Calibrated parameters for reproducing average PISA-D scores.

Parameter	PISA-D calibrated parameters
W (width)	153
hmax	49
hmin	26
r (slope)	0.15
P (pace)	45
N(π1, σ1)	N(020)

3. Modelling the Covid-19 learning shock and mitigation approaches

I use the calibrated PPF to model five scenarios. The first is the counterfactual of cohort learning with no shock, representing business-as-usual schooling. This serves as the comparison point for learning loss due to the shock – it is the counterfactual of no schooling disruption. Then I model two different learning loss scenarios, followed by two mitigation approaches.

3.1. How much long-term learning may be lost?

Using the calibrated PPF described in Section II, Kaffenberger and Pritchett (2020) estimates average grade 10 cohort learning among PISA-D countries. While the PISA-D assessment only provides information on the learning of the portion of the cohort that took the assessment, with the parameterized model it is possible to estimate learning trajectories and learning outcomes among the full cohort of in- and out-of-school children. This will serve as the base case counterfactual of learning with no shock.

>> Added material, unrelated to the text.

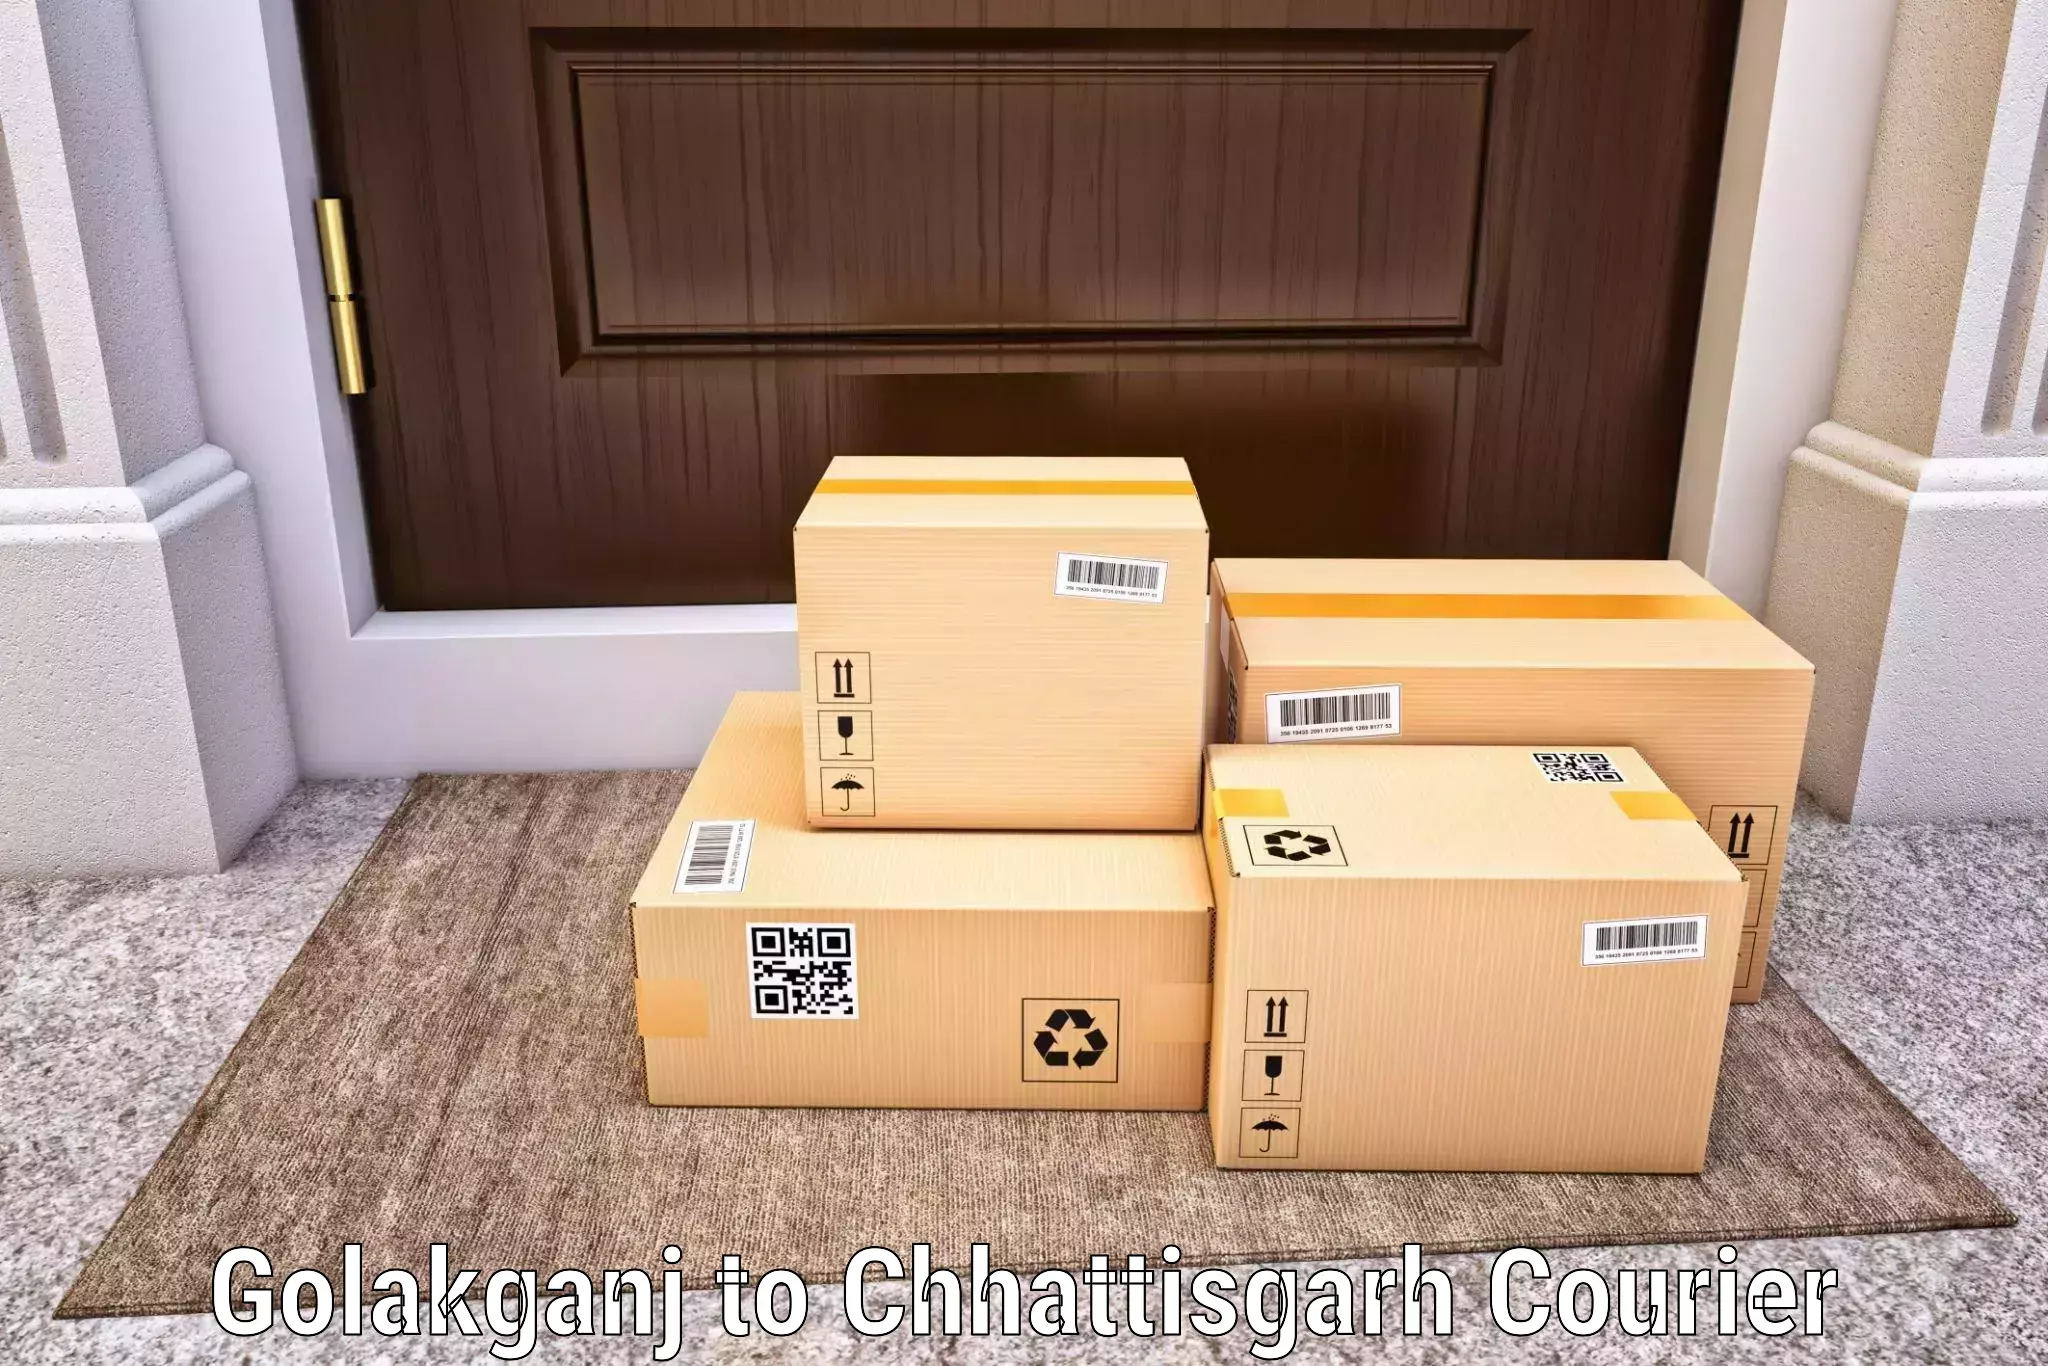 Flexible delivery schedules Golakganj to Dantewada
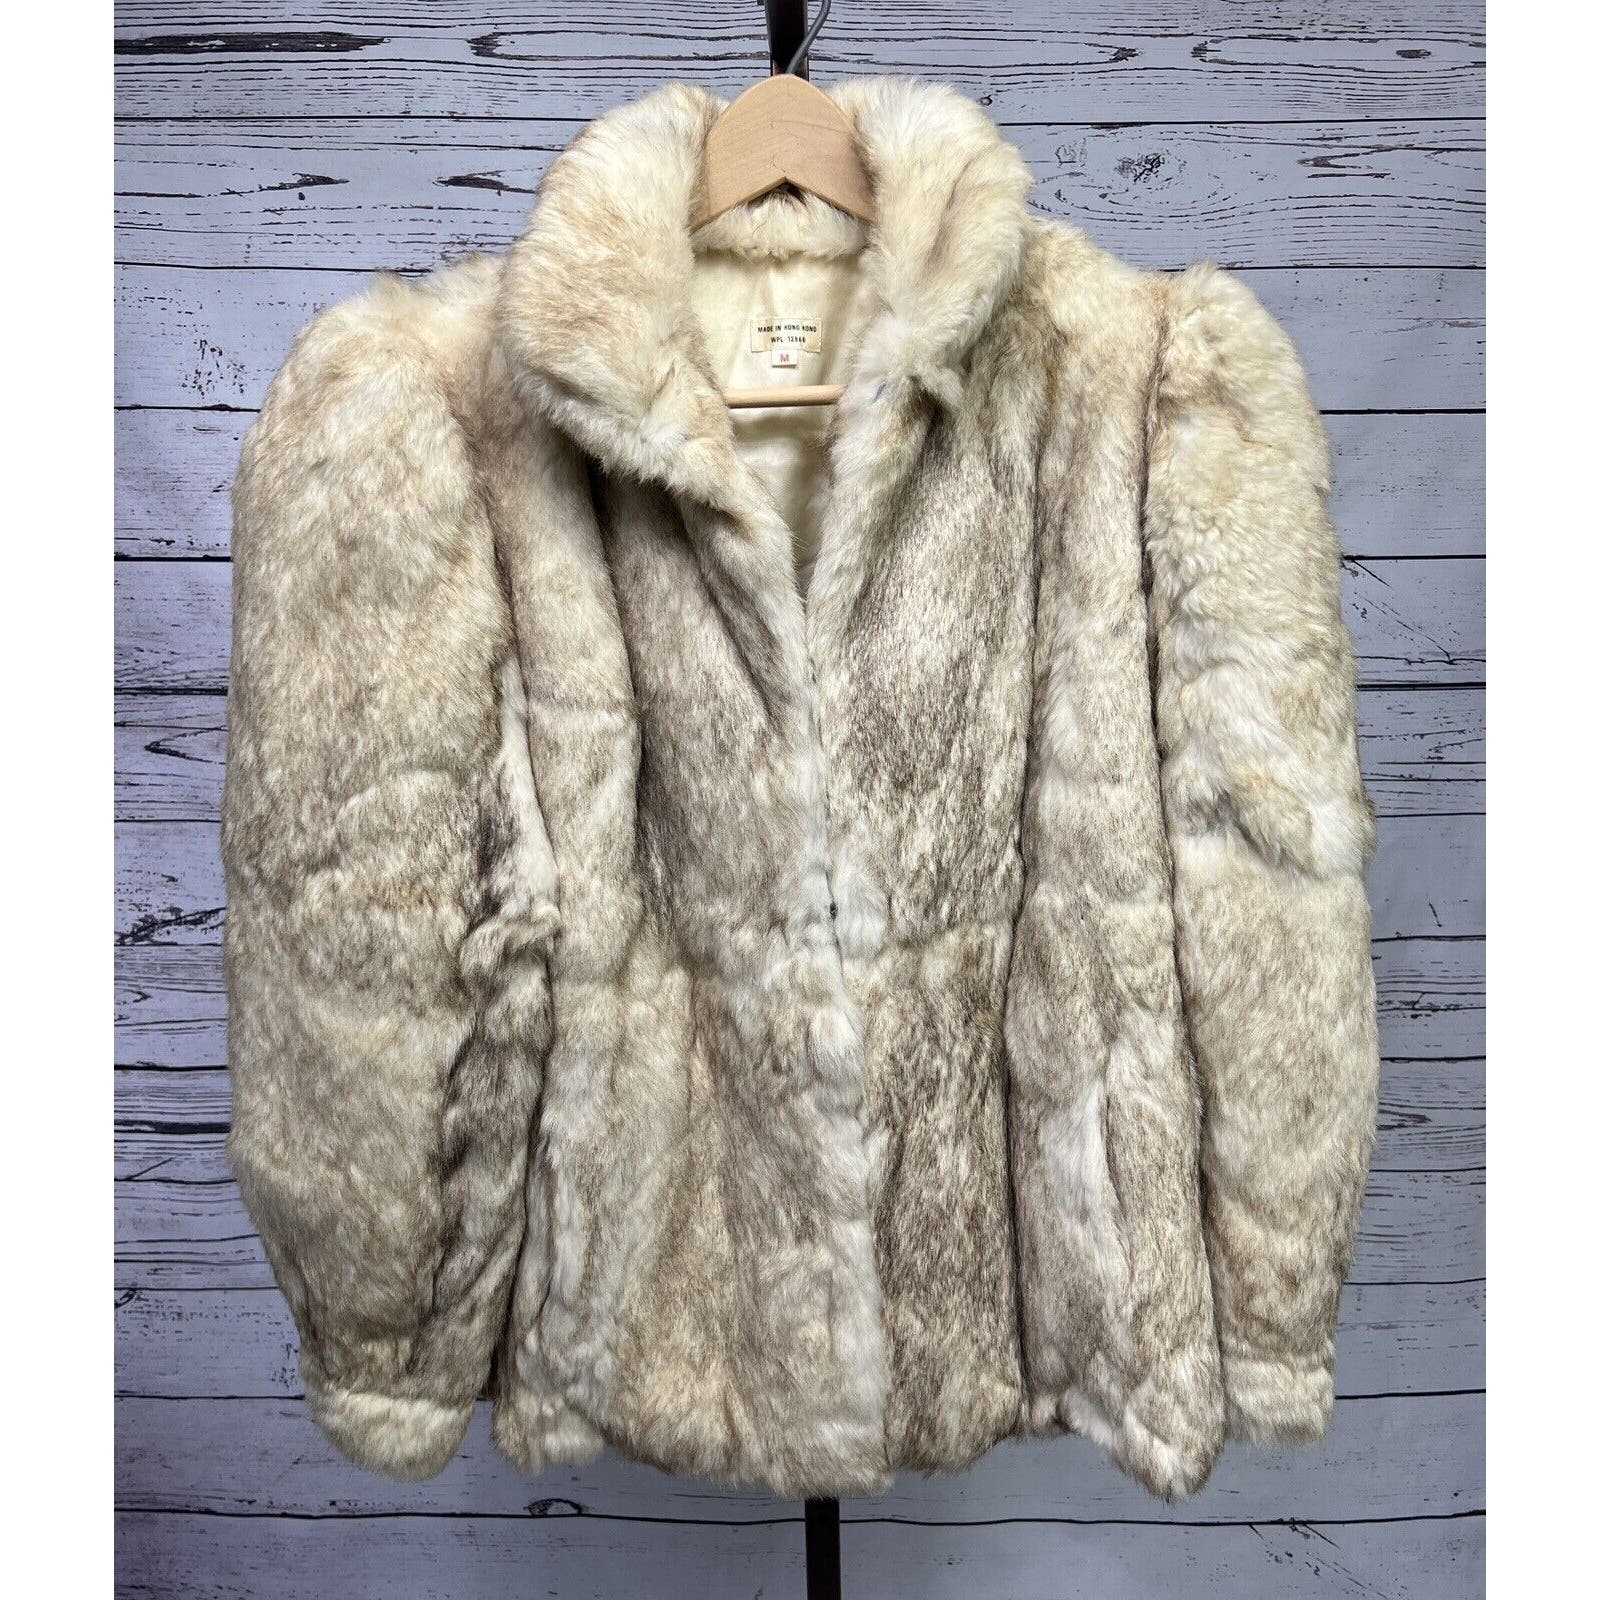 Vintage Genuine Rabbit Fur Coat Jacket Women’s Size M Cream w/ Dark Tips Pockets

The calibrated PPF produces average cohort learning at age 15 of 213 and cohort standard deviation of 126, on the PISA scale of OECD average 500 and standard deviation 100. This mean is much lower and the standard deviation much larger than those observed for the PISA-D eligible population, as cohort learning now includes a much longer left tail of low performers (i.e. those who never started or dropped out of school and were therefore ineligible for PISA-D). This distribution of cohort learning is the counterfactual to which the following modelled outcomes are compared.

To model Covid-19 related learning loss, I introduce a shock for the cohort of grade 3 students and model their learning trajectories and outcomes through grade 10.7 Today’s grade 3 students will be in grade 10 in 2027, three years before the SDG target completion date, making this a relevant cohort for understanding not only implications for long term learning loss but also repercussions for reaching international learning goals. I reduce their grade 3 learning gains by one-third, the equivalent of about a three-month school closure,8 and, in this initial scenario, assume no remedial efforts are made when children return but that schools return to “business as usual” curriculum and teaching. I also assume, for simplicity, (here and in the subsequent scenarios) no additional school dropout due to the closures so that dropout follows the same trajectory as in the counterfactual. Assuming no changes in dropout makes this a conservative estimate of learning loss, as discussed further in Section III.C.

Similar to Andrabi, Daniels, and Das (2020), the simulation finds that reducing learning by one-third of a school year in grade 3 reduces later learning by a much larger amount. When this cohort of current grade 3 students reaches grade 10, their learning on average is a full year lower than what it would have been had there been no shock (Fig. 3 ).9 While this may at first seem extreme, the mechanism is clear. The lost learning puts children behind the curriculum, and without remediation they cannot keep up. They begin to fall outside the range of the PPF (i.e. outside the range of the curriculum and instruction) and cannot engage with the material. By grade 10, nearly three-quarters (72 percent) of children who are still in school have fallen outside the range of the PPF and hence are making no learning gains (Fig. 4 ).10

Fig. 3.

Modelling long-term lost learning from Covid-19 shock and mitigation strategies for the current grade 3 cohort: Equivalent years of learning behind/ahead in grade 10 compared to counterfactual of no shock.

Fig. 4.

Percent of in-school children learning zero, due to falling behind the level of instruction, at each grade level. Covid-19 learning loss shock occurs in grade 3.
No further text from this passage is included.